In the data below, find the line containing "Tarantula spider, Aviculoria"; transcribe it and each line after it exactly, through the last, skipping pictures.

**Given data**
------------------------------

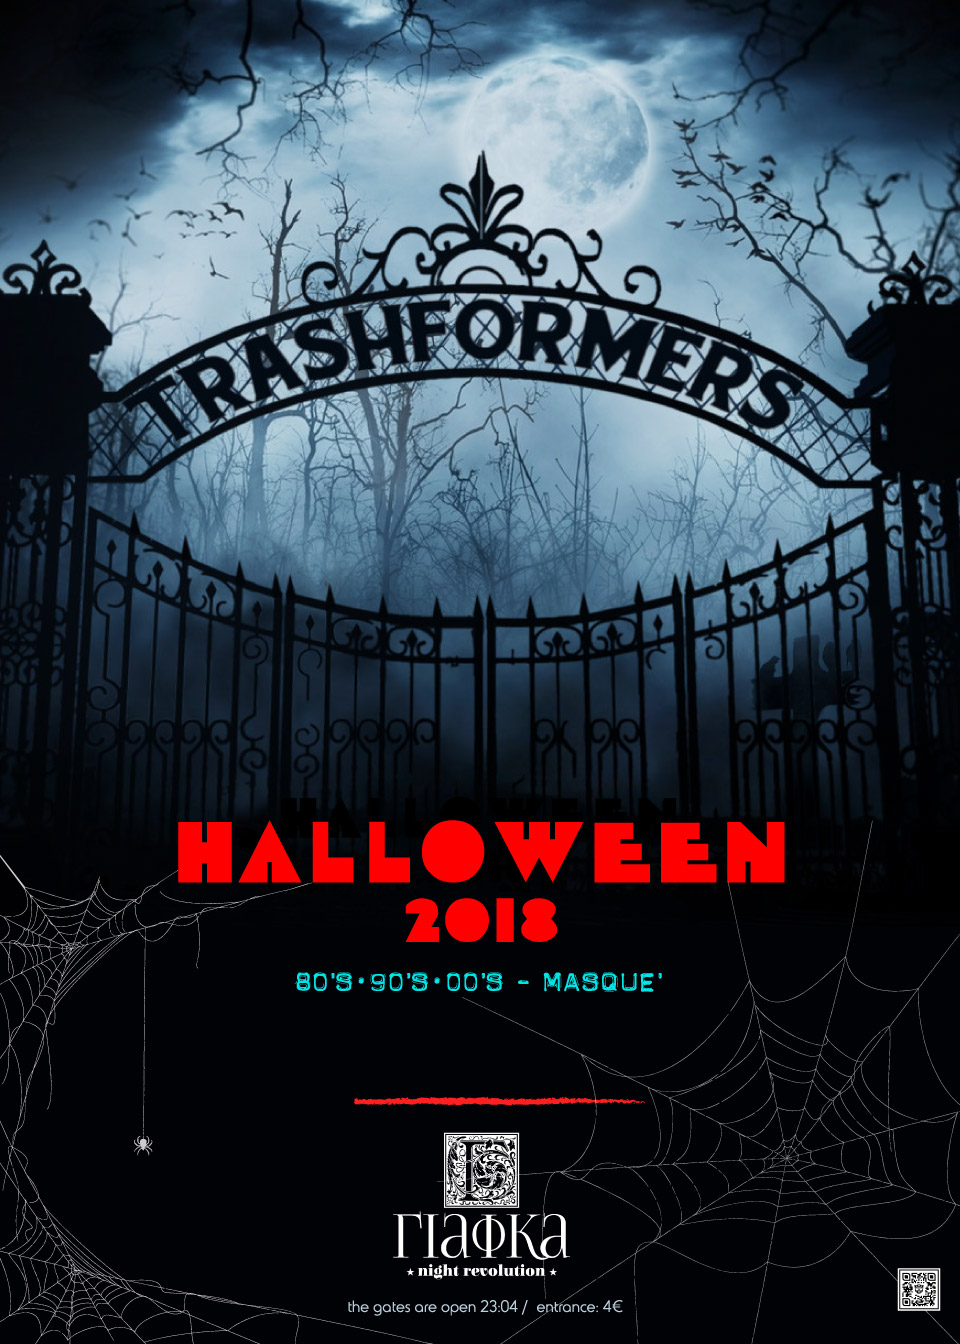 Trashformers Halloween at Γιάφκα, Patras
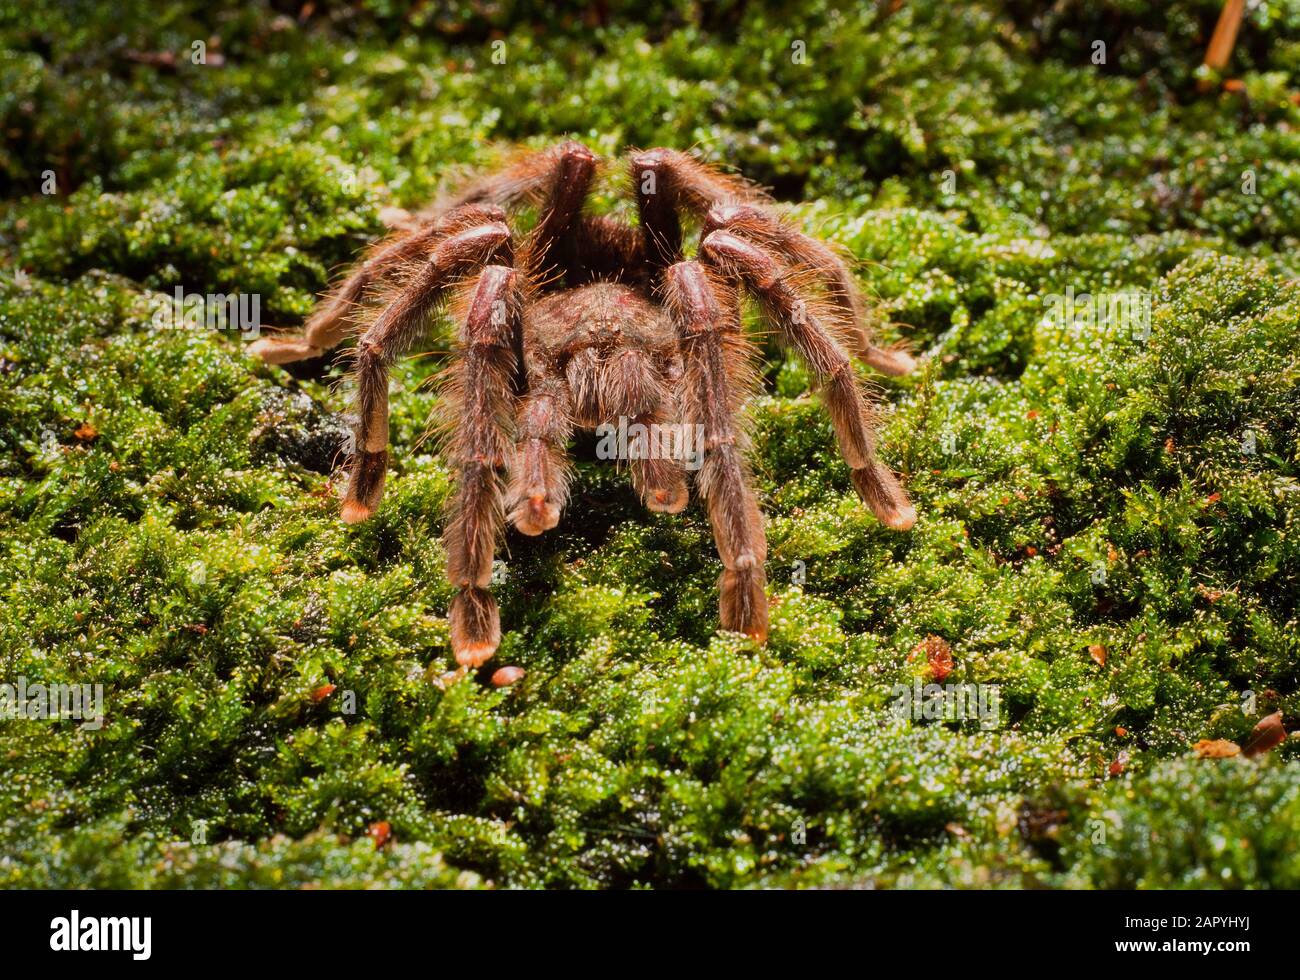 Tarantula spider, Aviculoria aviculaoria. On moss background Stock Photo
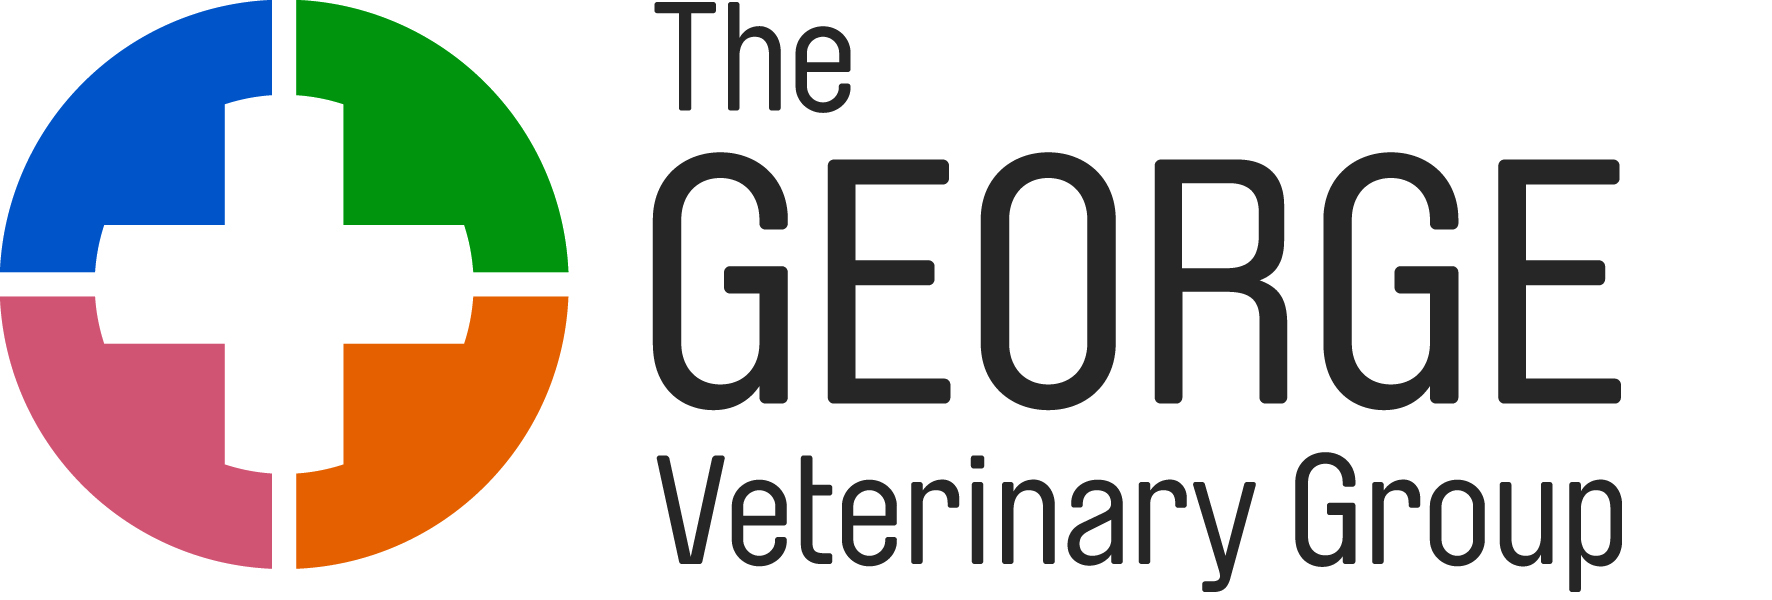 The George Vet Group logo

------------------------------

**Task result**
 Tarantula spider, Aviculoria aviculaoria. On moss background Stock Photo
 The George Vet Group logo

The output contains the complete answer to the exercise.